Upworthy is a website designed to get a lot of traffic from people sharing stories on Facebook. According to the company, 78 percent of all Americans on Facebook have “liked” an Upworthy story.

Nearly all of Upworthy’s stories are based on a graphic or a video clip and many of those clips are already pretty old when Upworthy finds them. What Upworthy really does is sift the internet for stories which have some kind of emotional resonance and then add an earnest headline, a picture and a description, usually just a few sentences long.

A lengthy piece on Upworthy recently published by New York magazine makes clear that idealism really is the source of their success, but not just any idealism. The founders of the site are both progressives looking to share their outlook on the world.

Eli Pariser, one of the site’s founders got his start at One of his first jobs there was a video competition called “Bush in 30 Seconds” which invited submissions to define the Bush administration from a far-left point of view. The competition created headlines after two submissions compared President Bush to Hitler. You can see one of the ads here.

Peter Koechley, the other founder of Upworthy, worked at the Onion and then joined with Pariser. According to the New York story, “they made a video that got 23 million views.” The video in question was produced for MoveOn by a company called Phear Creative. It was a funny last minute appeal to Obama voters not to stay home because they assumed he would win without their vote. You can watch it right here on PhearCreative’s website.

In short, Upworthy’s founders are progressives and most of their content promotes their political viewpoint. In the past day or so they’ve featured a video produced by Planned Parenthood to promote covered birth control (the Supreme Court will weigh in on this soon), a story about Upworthy’s contribution to a film about the Equal Rights Amendment (cue the Democrats “war on women” narrative) and a Mother Jones produced map of the US showing which companies “buy elections” in which states.
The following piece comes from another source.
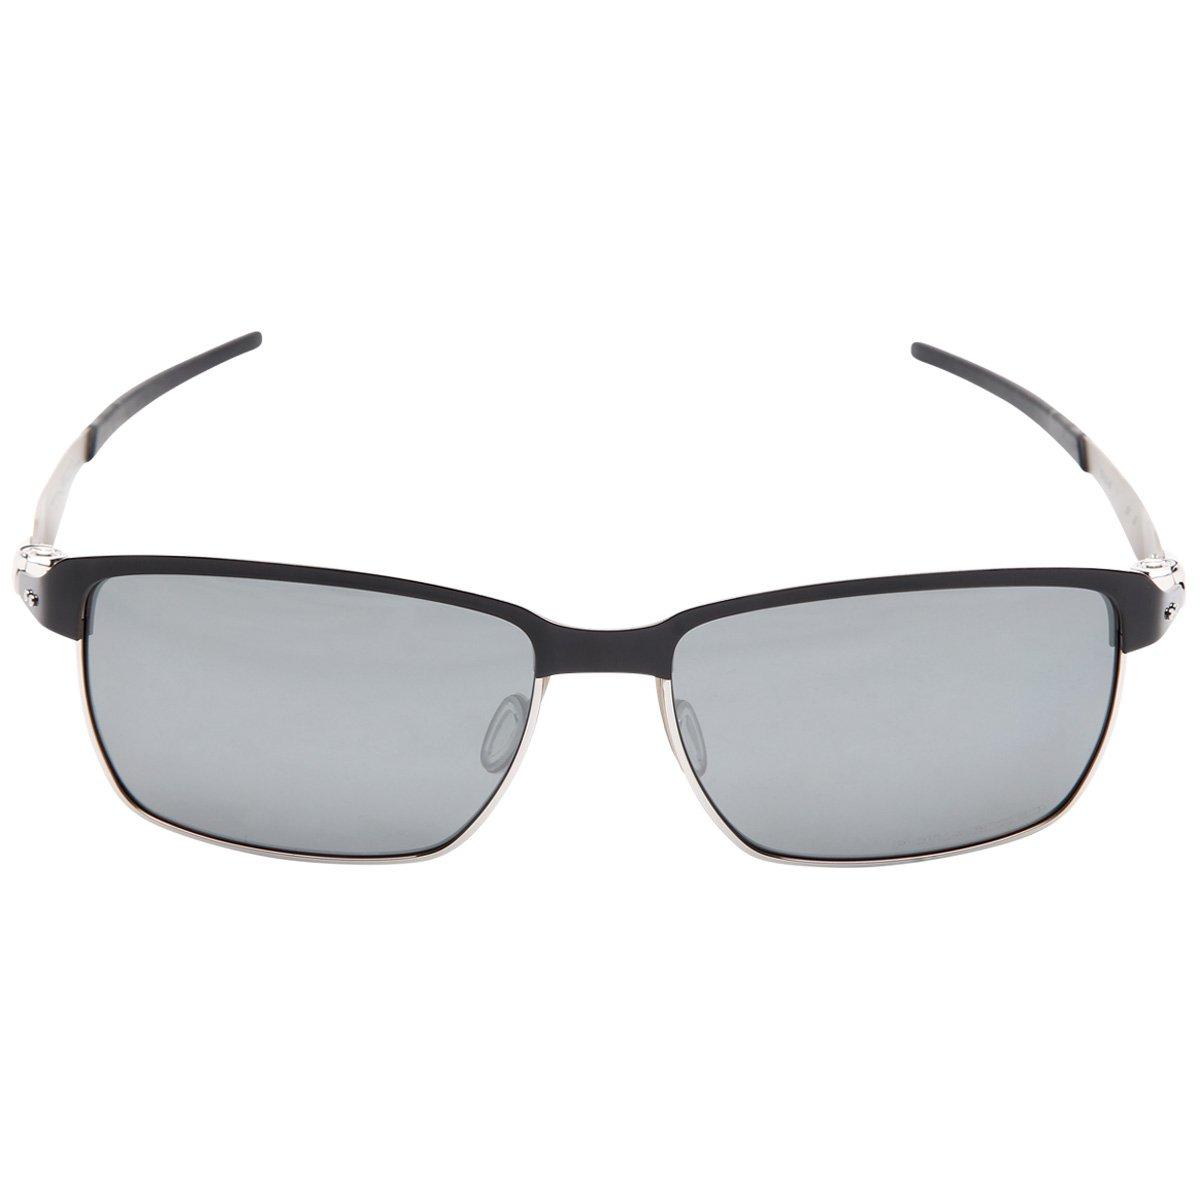 Óculos de Sol Oakley Tinfoil Iridium - Compre Agora   Netshoes 1b01b35558
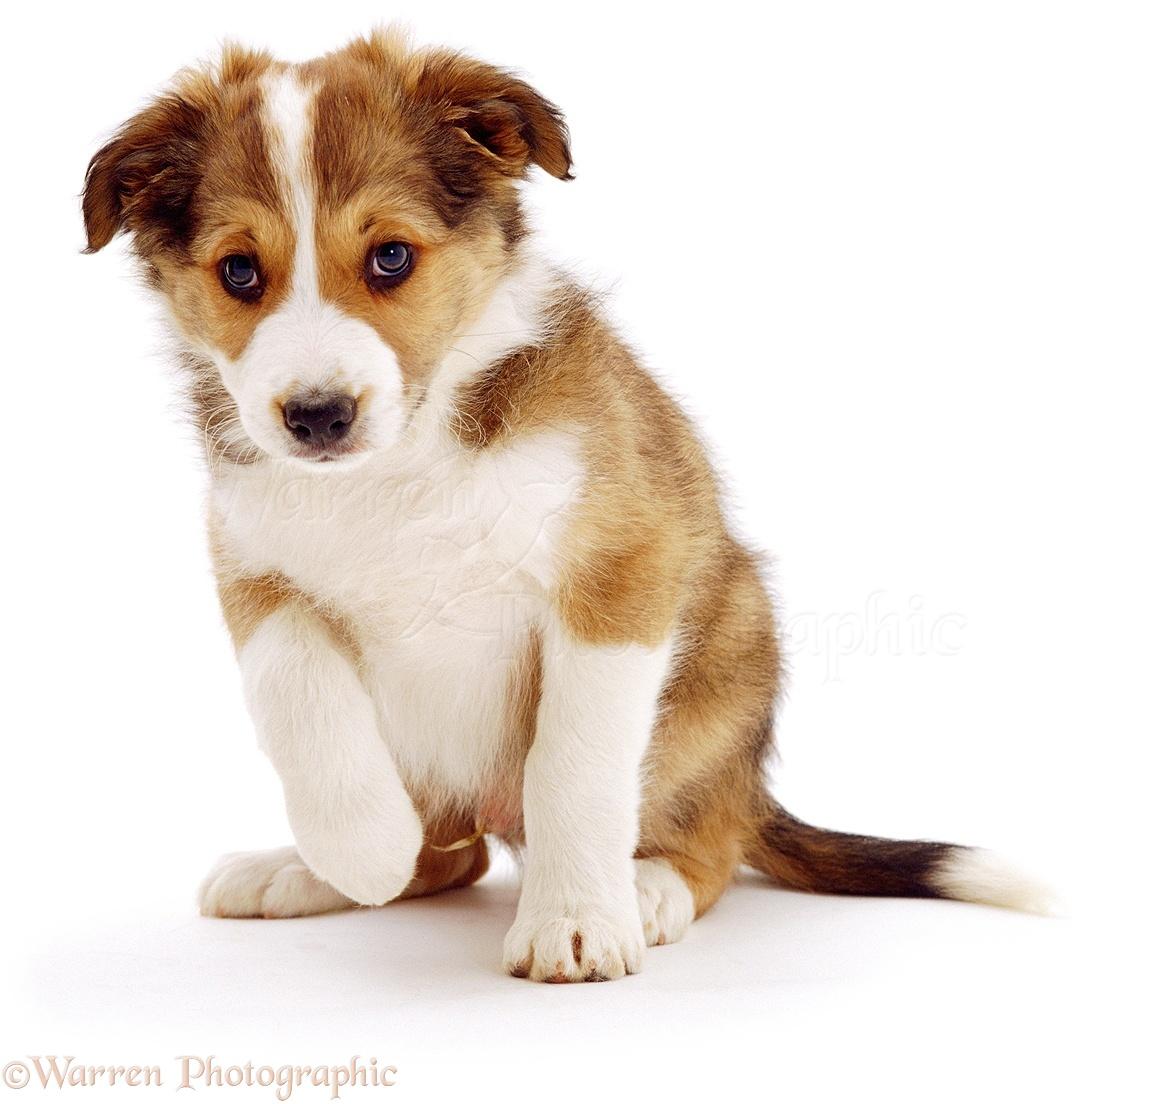 Dog Cute Puppy Photo Wp00837

The key to getting so many people to share this deeply partisan content is emphasizing emotion and downplaying the source of the material. In fact, one of Upworthy’s star employees told the New York Times last October the keys was “Don’t take a strong stance in a headline that will make people
uncomfortable when they pass it — you don’t want people afraid to tell
their conservative uncle.” Upworthy launders the partisanship from progressive material so it can have more impact.

One of the company’s founders tells¬†New York magazine “You don’t want to be that guy in your Facebook feed going, ‘These ReTHUGlicans out there.'” Upworthy is all about concealing that kind of partisanship, stuff like the Hitler videos submitted to the video contest, to prevent it from turning ordinary people off. And it seems to be working. In two years, Upworthy has gone from
start-up to one of the most heavily trafficked news sites on the
internet with over 50 million views a month.

New York compares Upworthy to a cross between 60 Minutes and Readers Digest but another apt comparison is to NPR. You only need to listen to NPR to know the people working there are progressives, but the soothing tone–the NPR stage whisper–helps the content sound more detached, more neutral than it really is.

Given the founders previous involvement in campaigning against Bush and for Obama, don’t be surprised if you see Democrats, even the DNC itself, producing emotive videos designed specifically for distribution on Upworthy. It seems inevitable, not that anyone sharing the story will know that’s what is going on from reading the Upworthy headline.